Indeks ENSO juga mencatat selama enam dasarian terakhir tercatat dengan nilai anomali telah melewati angka -0.5°C, yang menjadi ambang batas kategori La Nina.

“Perkembangan nilai anomali suhu muka laut di wilayah tersebut masing-masing -0.6°C pada bulan Agustus, dan -0.9°C pada bulan September 2020,” ujar Kepala Deputi Bidang Klimatologi BMKG, Herizal.

BMKG dan National Oceanic and Atsmopheric Adminitration (NOAA), Bureau of Meteorolgy (BoM), dan Japan Meteorologicial Agency memperkirakan La Nina dapat berkembang terus hingga mencapai intensitas La Nina Moderate pada akhir tahun 2020.

Sehingga, diperkirakan La Nina dan seluruh dampaknya akan mulai meluruh pada Januari 2021 hingga Februari 2021 dan berakhir di sekitar Maret 2021 hingga April 2021 mendatang.

Sementara itu, Lanjut Herizal, Oktober 2020 hingga November 2020 nanti peningkatan curah hujan bulanan akibat La Nina dapat terjadi hampir di seluruh wilayah Indonesia kecuali Sumatera.

“Selanjutnya pada Bulan Desember 2020 hingga Februari 2021, peningkatan curah hujan akibat La Nina dapat terjadi di Kalimantan bagian timur, Sulawesi, Maluku-Maluku Utara dan Papua,” terangnya.

Pada Oktober ini, tambahnya, beberapa zona musim di wilayah Indonesia diperkirakan akan memasuki Musim Hujan, di antaranya Pesisir Timur Aceh, sebagian Riau, Jambi, Sumatera Selatan, Pulau Bangka, Lampung, Banten, sebagian Jawa Barat.

Selain itu, juga sebagian Jawa tengah, sebagian kecil Jawa Timur, sebagian Kalimantan Barat, sebagian Kalimantan Tengah, Kalimantan Selatan, sebagian Kalimantan Timur, sebagian Kalimantan Utara, sebagian kecil Sulawesi, Maluku Utara dan sebagian kecil Nusa Tenggara Barat.

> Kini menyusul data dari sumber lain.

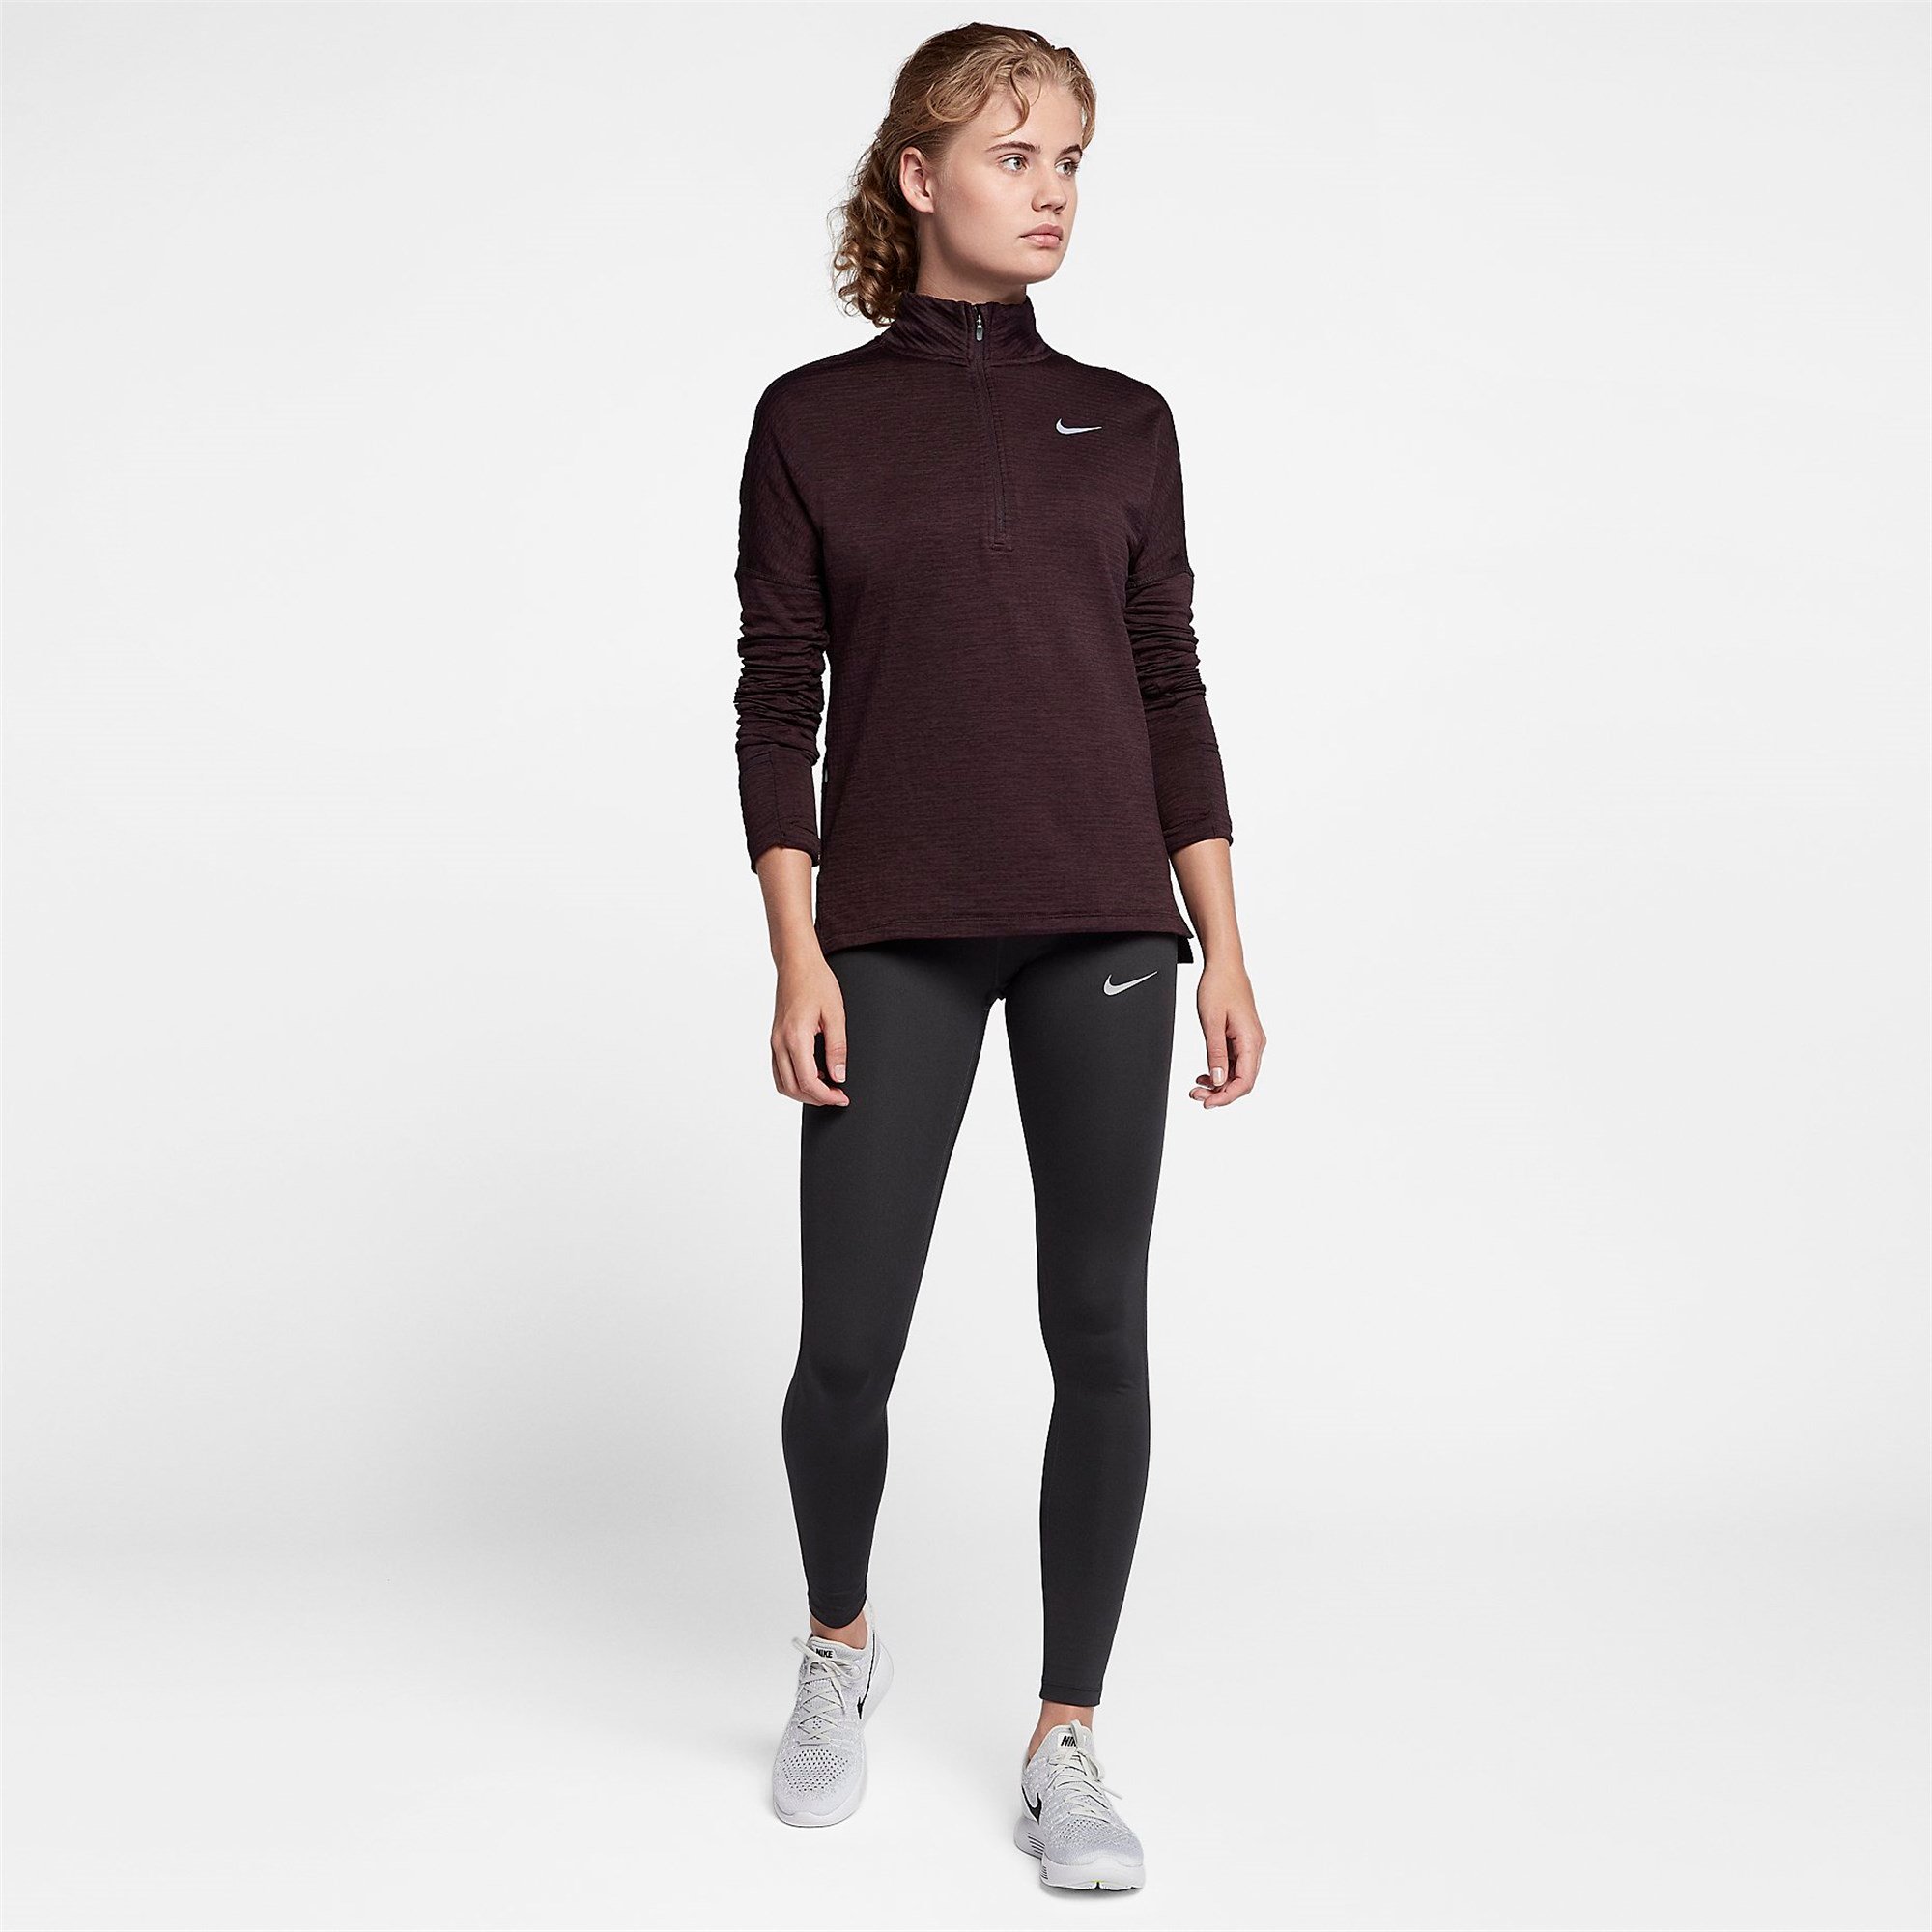 Nike W Nk Thrma Sphr Elmnt Top Hz Kadın Sweatshirt Ürün kodu: 855521-652 |  Etichet Sport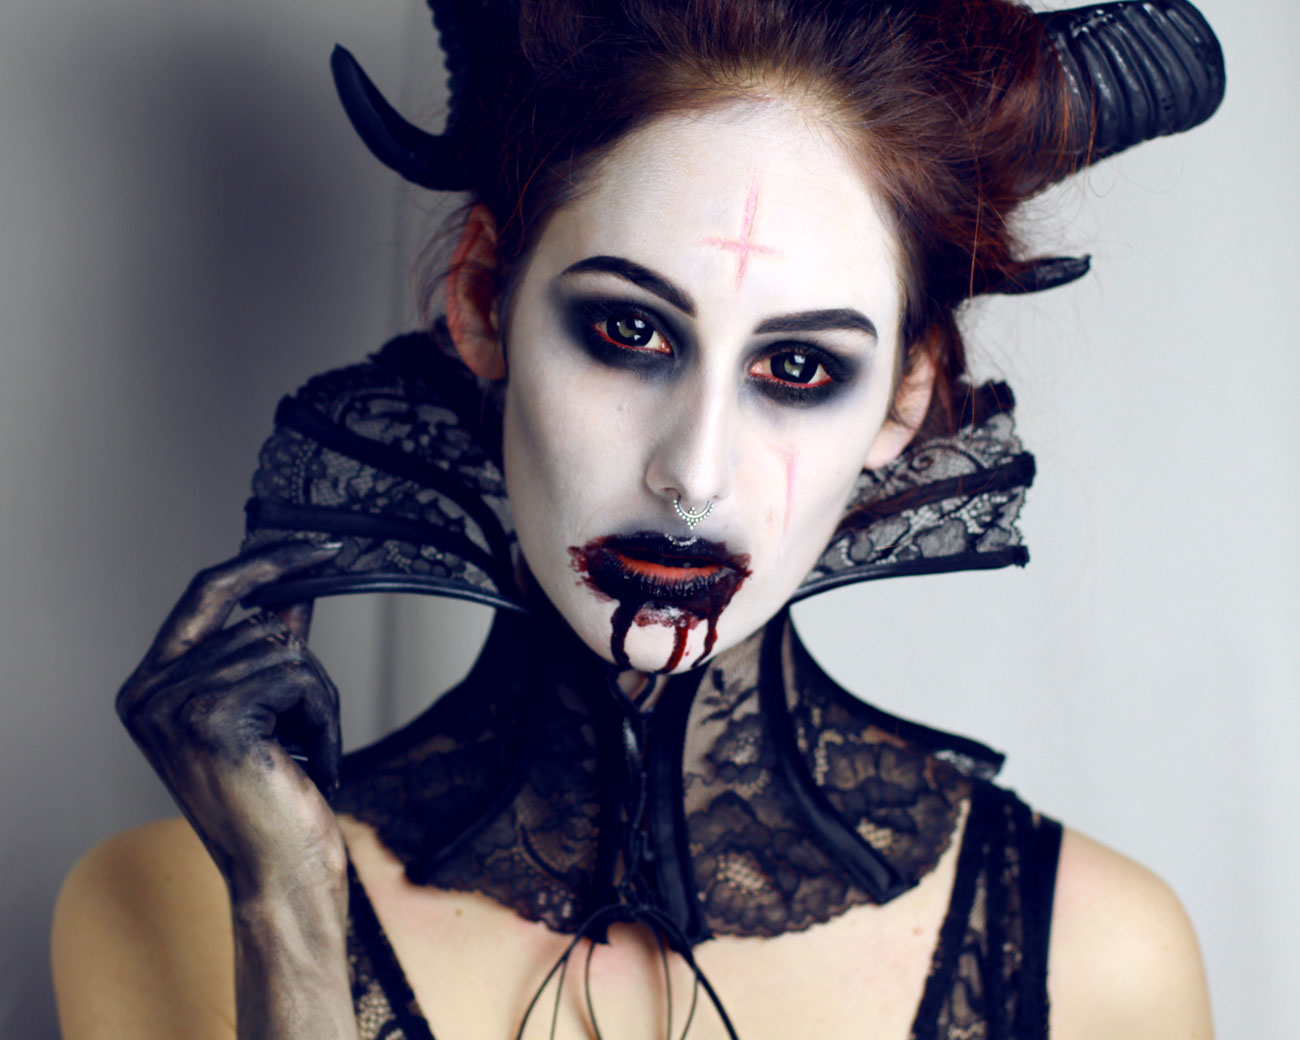 Satanic demon makeup

Peningkatan curah hujan seiring dengan awal musim hujan disertai peningkatan akumulasi curah hujan akibat La Nina berpotensi menjadi pemicu terjadinya bencana hidro-meteorologis seperti banjir dan tanah longsor.

BMKG berharap para pemangku kepentingan dapat lebih optimal melakukan pengelolaan tata air terintegrasi dari hulu hingga hilir misalnya dengan penyiapan kapasitas sungai dan kanal untuk antisipasi debit air yang berlebih.

“Kami mengimbau agar masyarakat terus memperbaharui perkembangan informasi dari BMKG dengan memanfaatkan kanal media sosial infoBMKG, atau langsung menghubungi kantor BMKG terdekat,” pungkasnya.